Your task is to write out the entire listing exactly, omitting its pictures.
== DATA SECTION ==
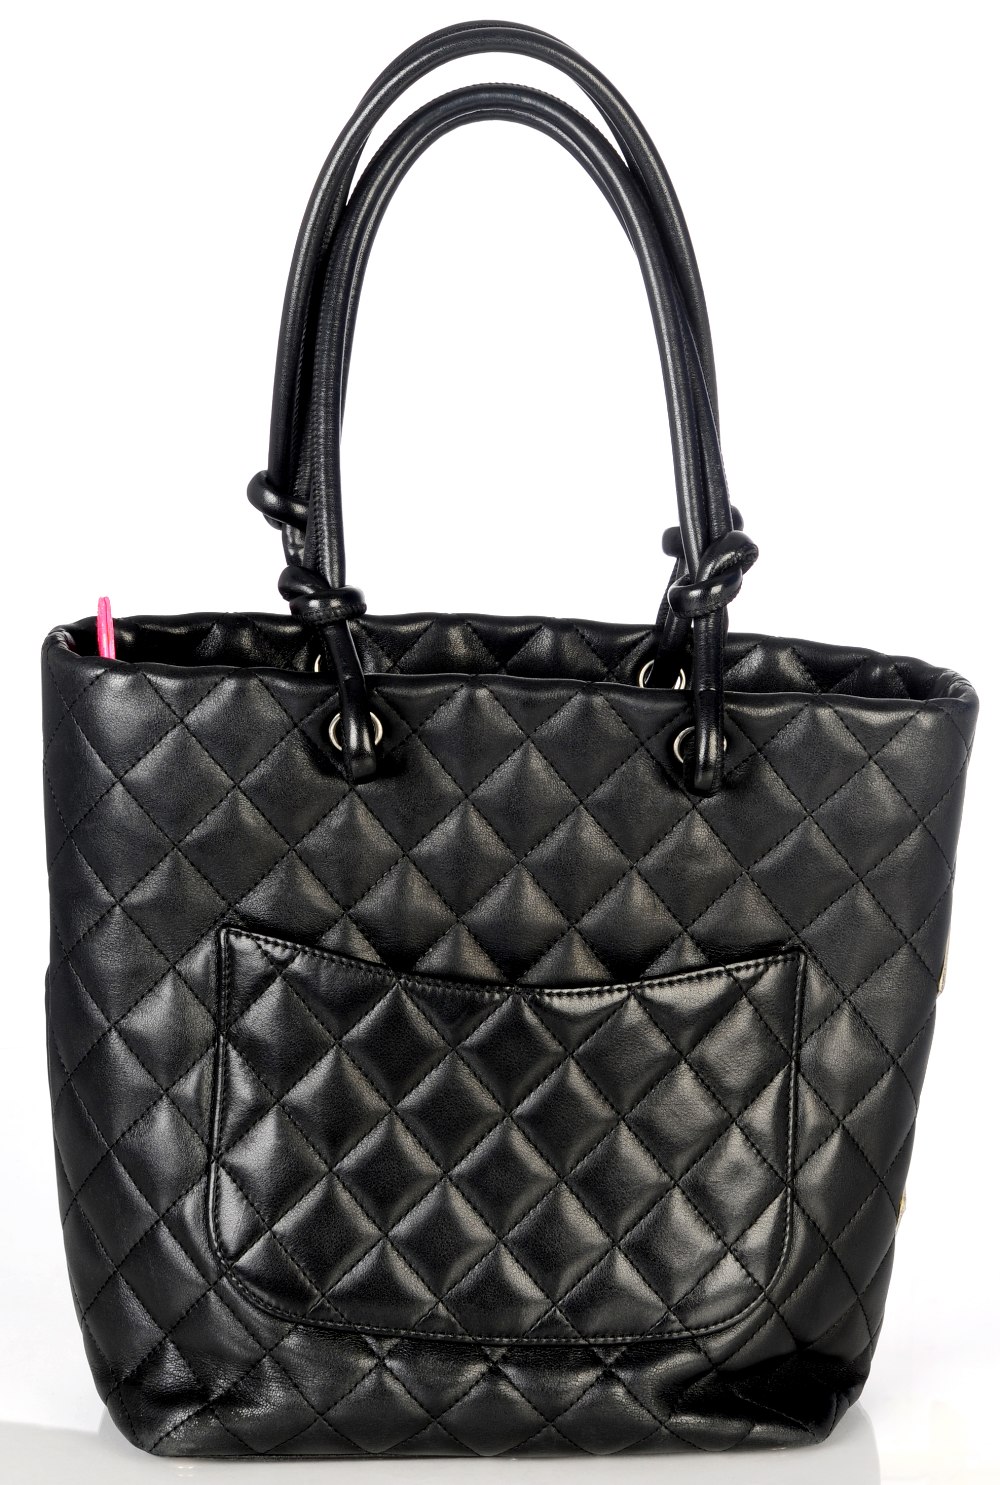 CHANEL - a Ligne Cambon quilted tote handbag. Featuring a smooth black lambskin leather exterior - Image 2 of 5
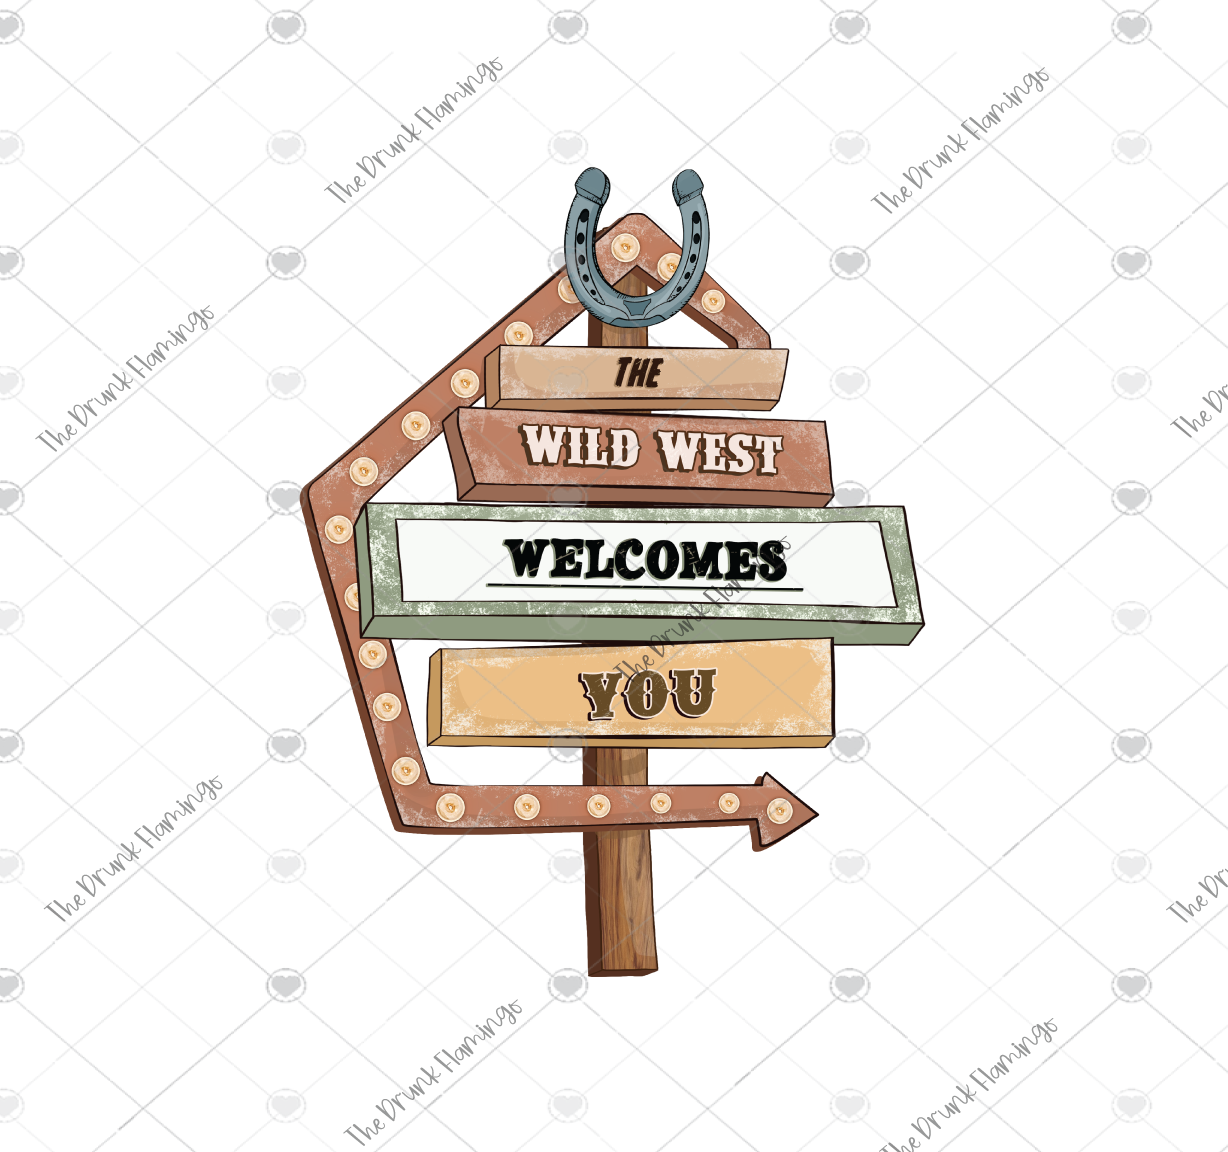 59- The Wild West Welcomes You WHITE backed decal
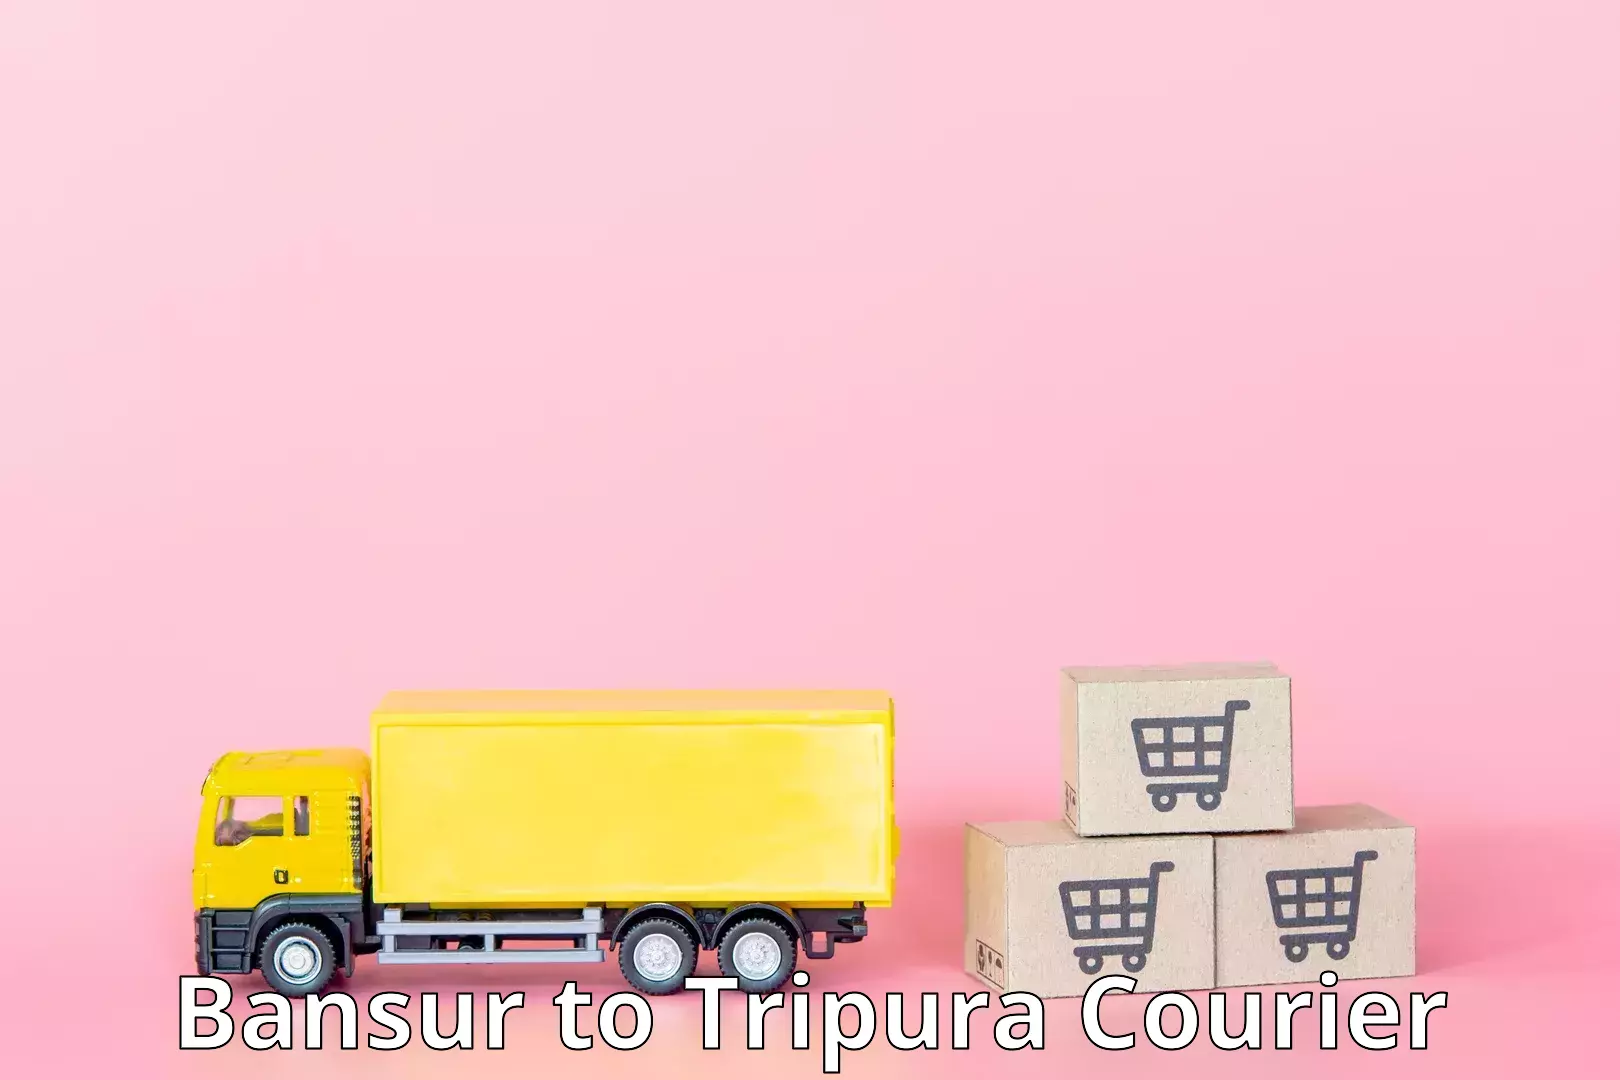 State-of-the-art courier technology Bansur to Udaipur Tripura
===
**FINISHED EXERCISE**
 CHANEL - a Ligne Cambon quilted tote handbag. Featuring a smooth black lambskin leather exterior - Image 2 of 5
 59- The Wild West Welcomes You WHITE backed decal
 State-of-the-art courier technology Bansur to Udaipur Tripura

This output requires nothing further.